■ Exercise aim: Your task is to repeat all of the data exactly while excluding the pictures.
(Data Opens)
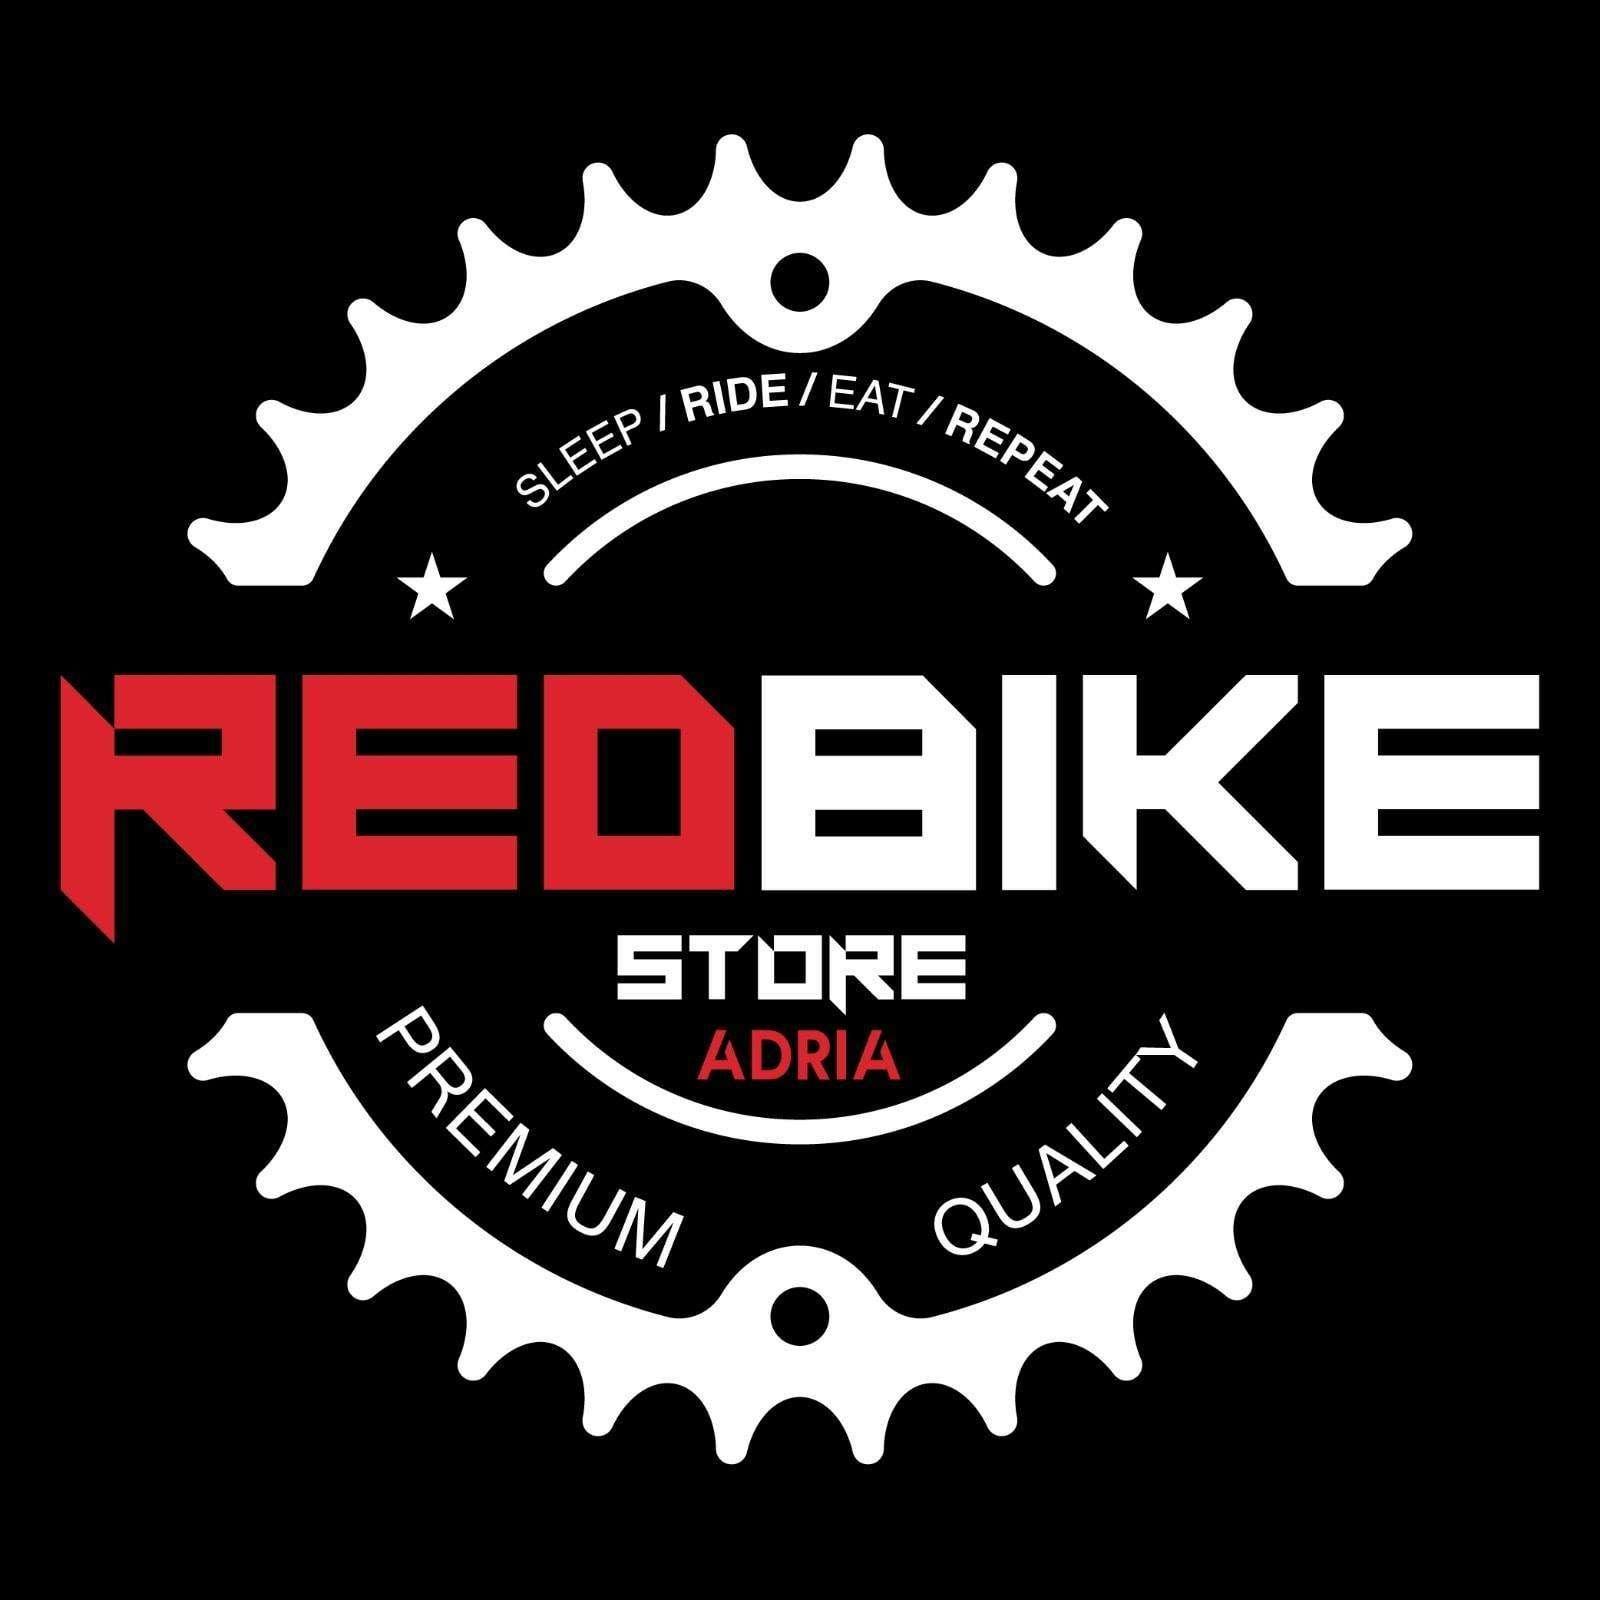 RedBike Store
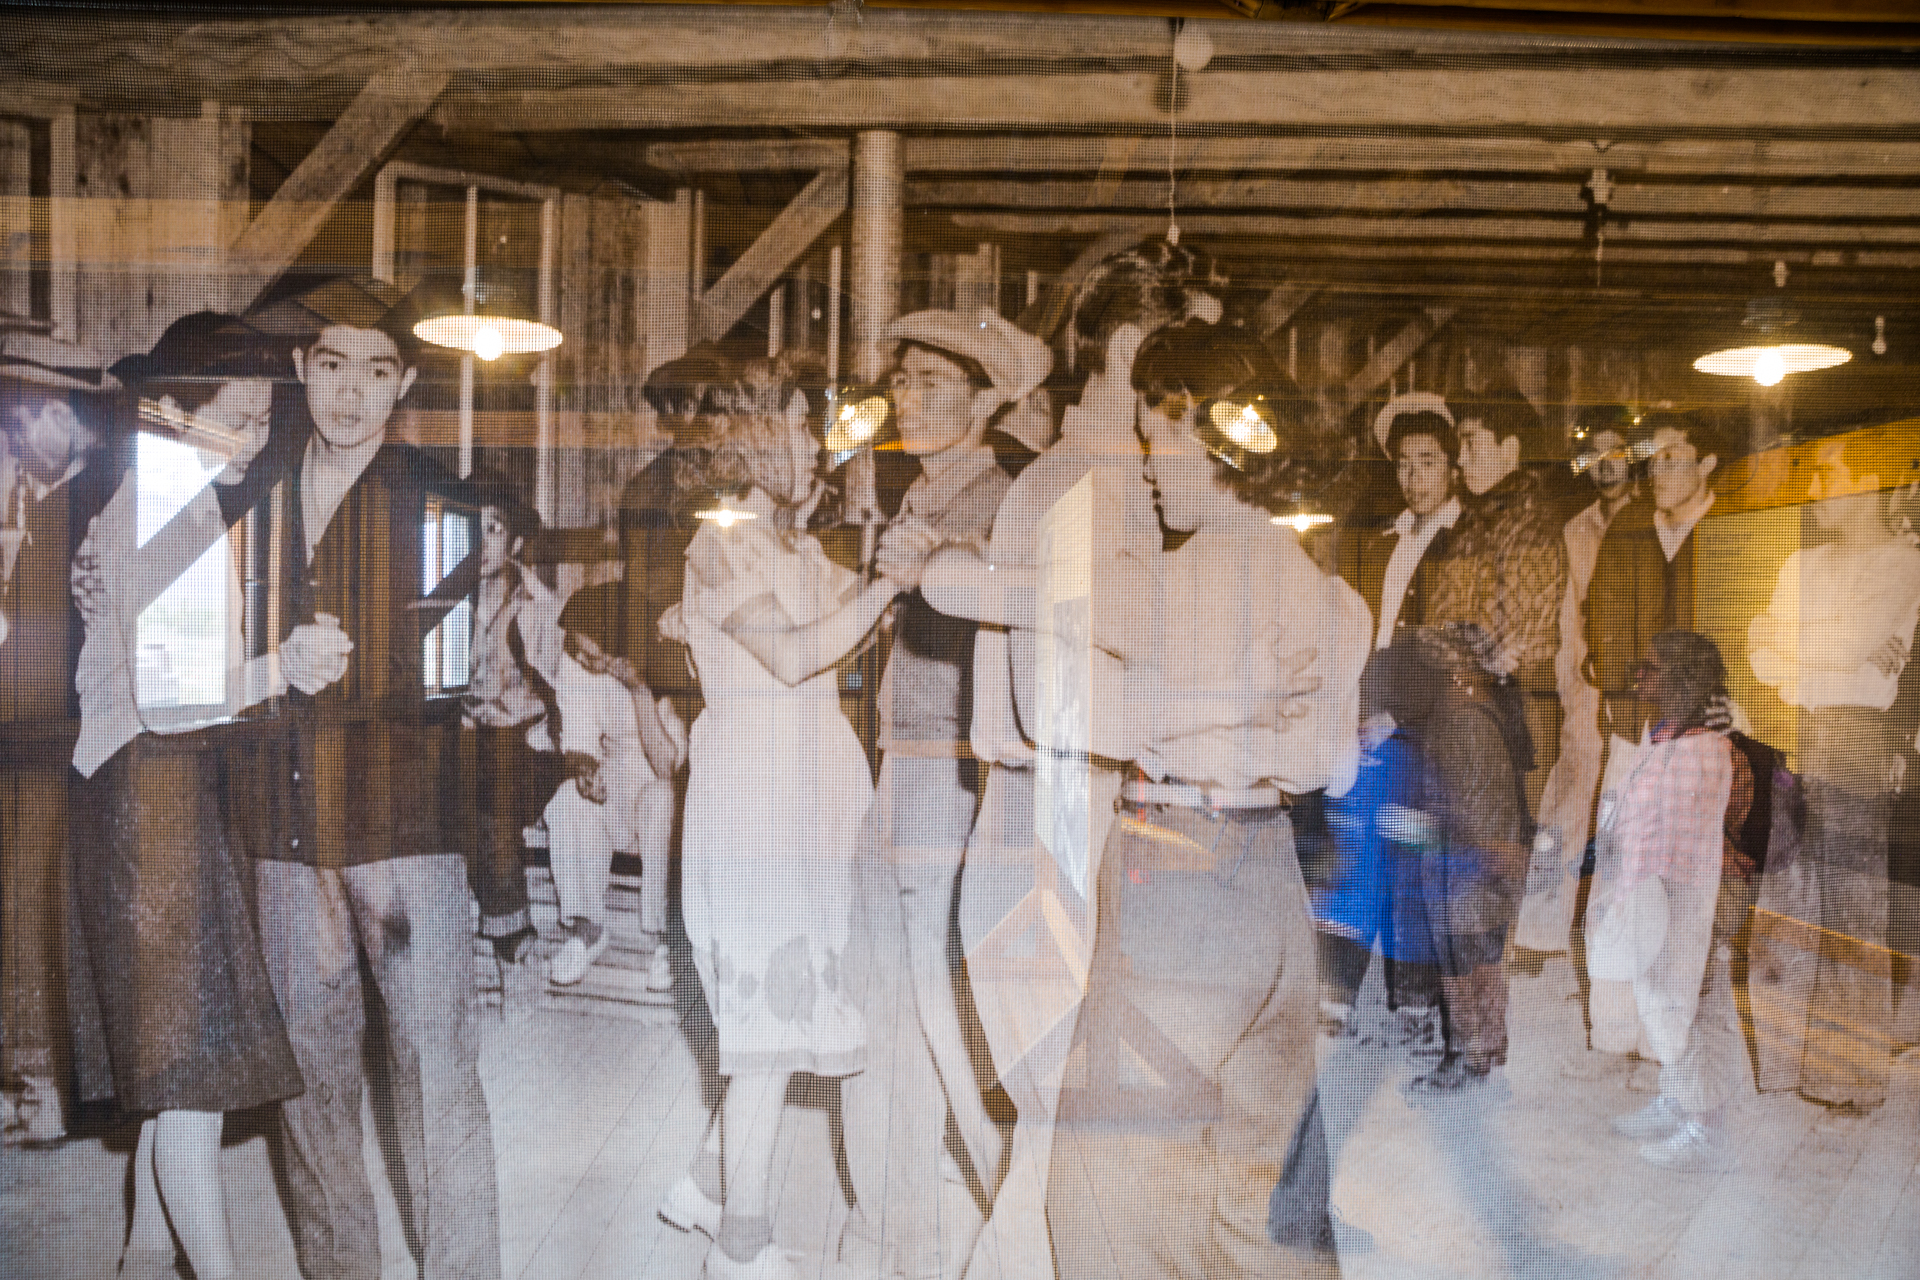 190427_JessVCastillo_Manzanar_lowres-136.jpg
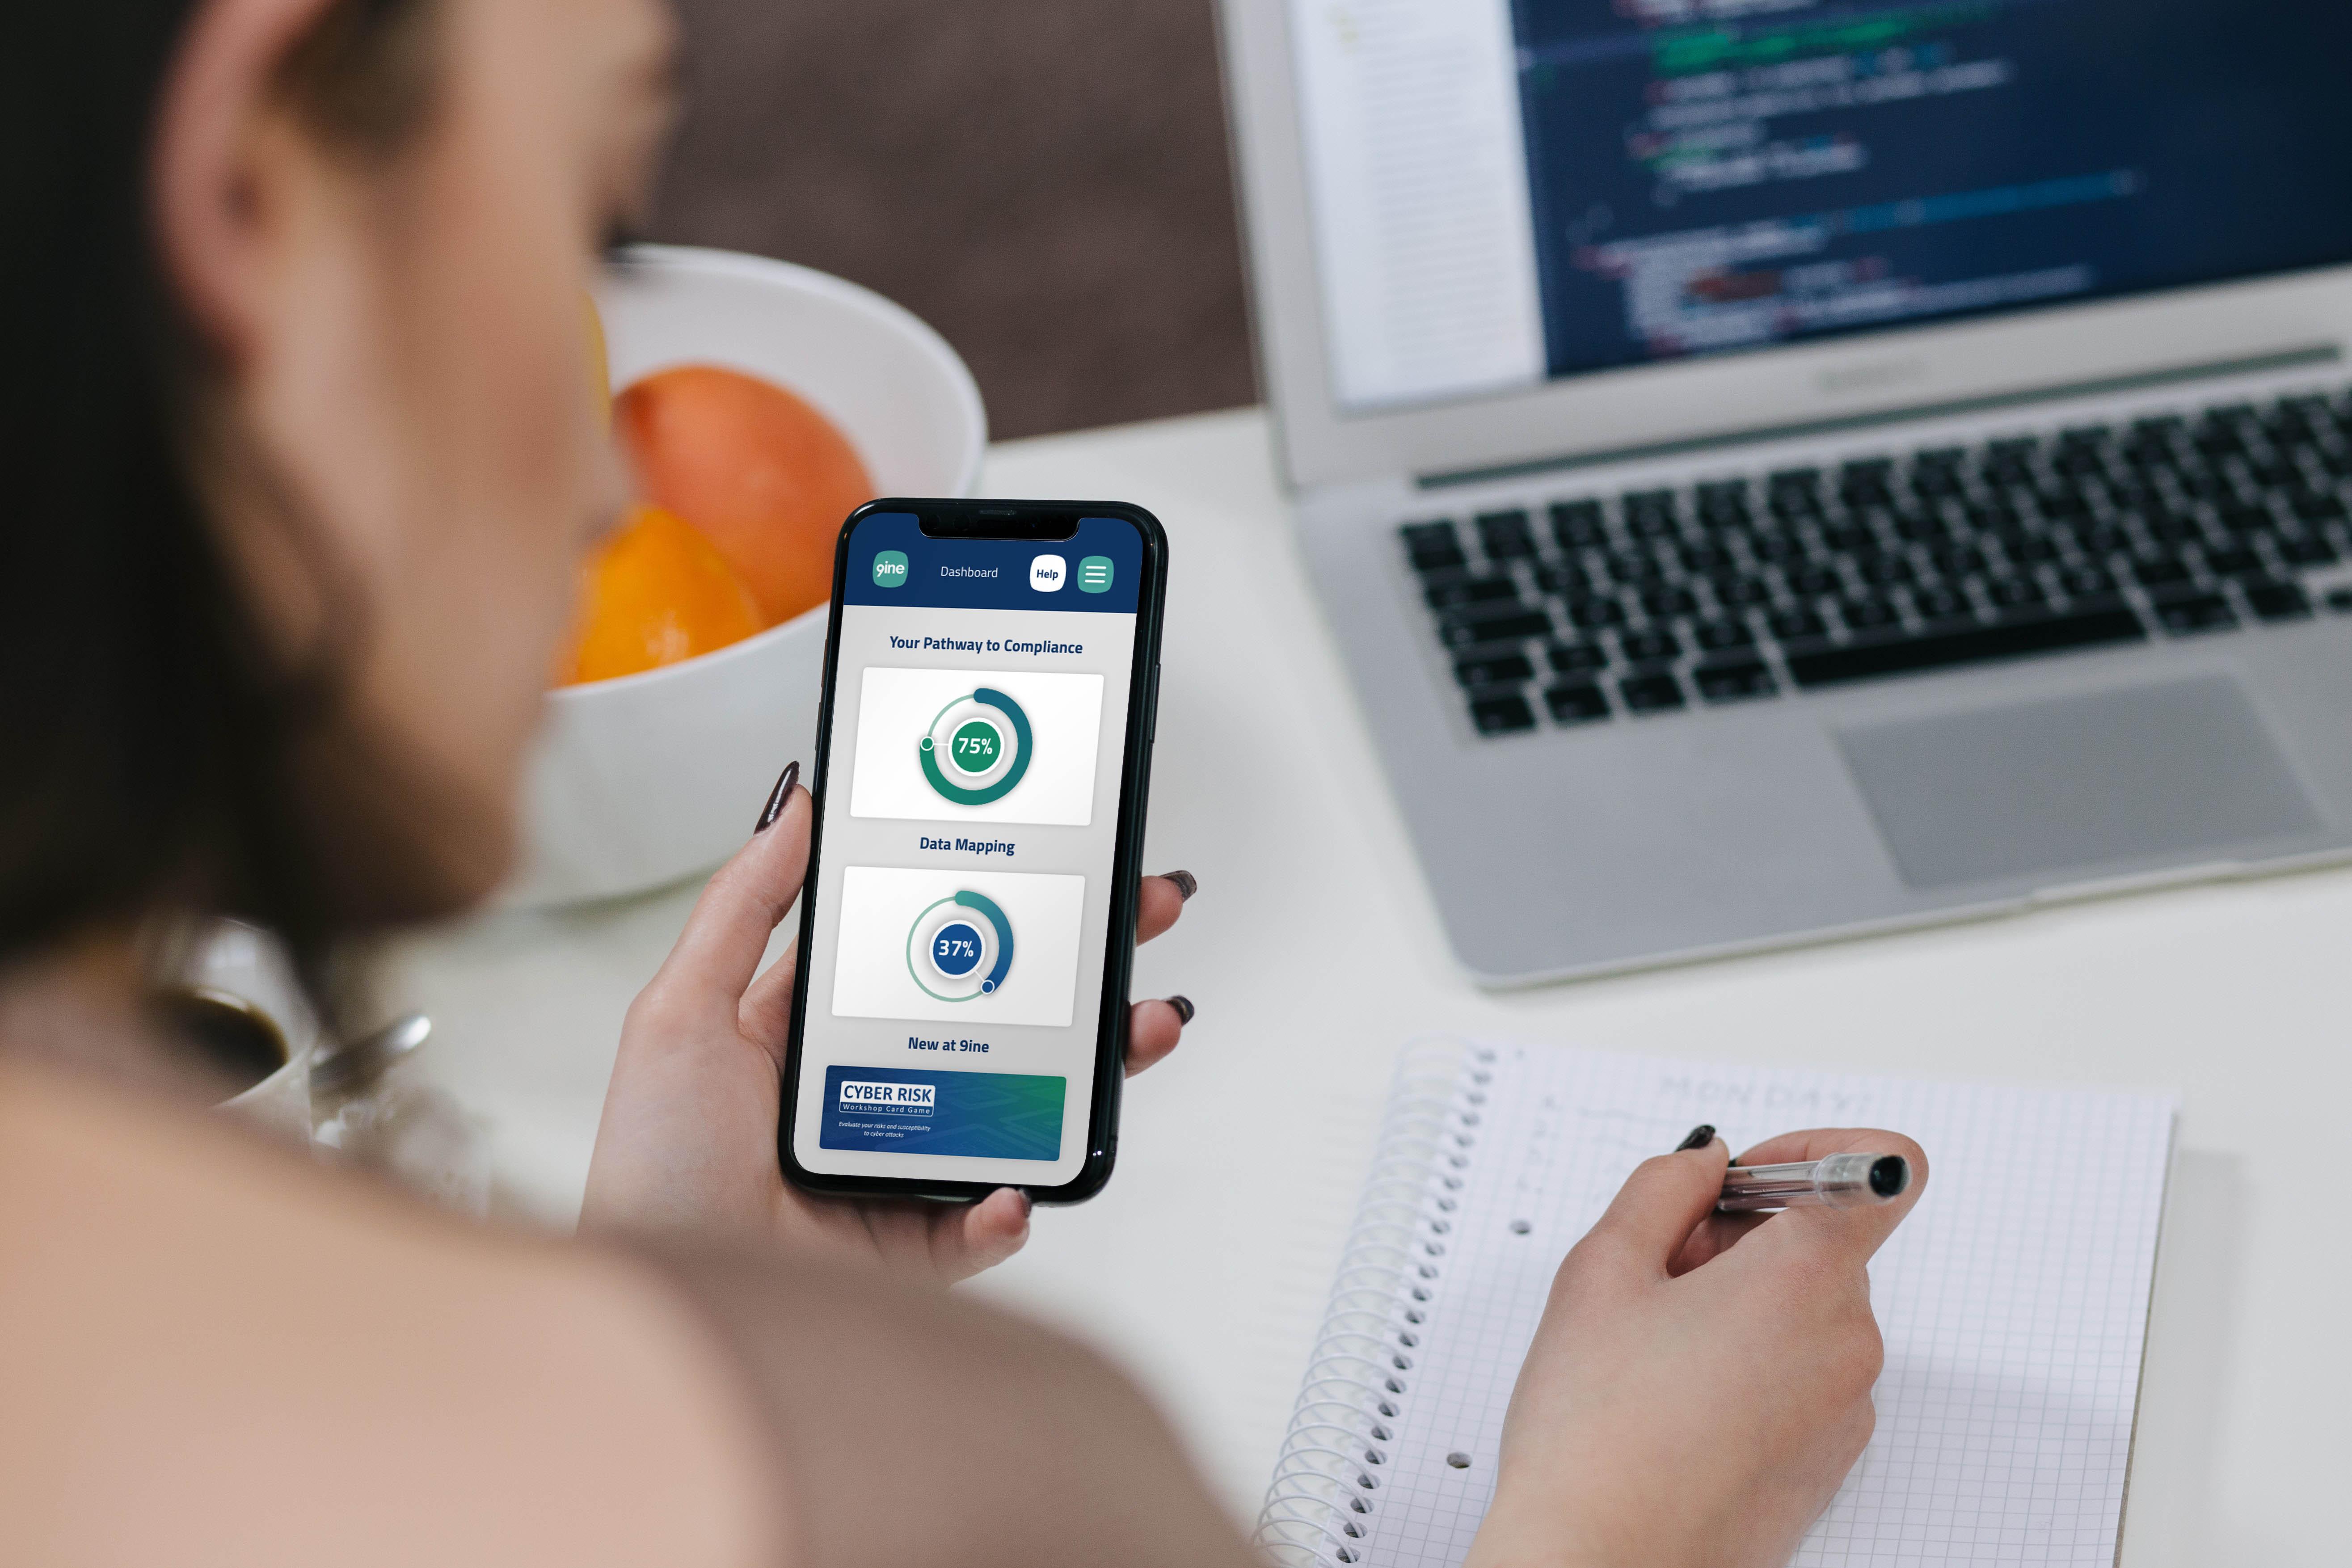 Woman using phone showing 9ine Web App
(Data Closes)
■ Solution to the exercise:
 RedBike Store
 190427_JessVCastillo_Manzanar_lowres-136.jpg
 Woman using phone showing 9ine Web App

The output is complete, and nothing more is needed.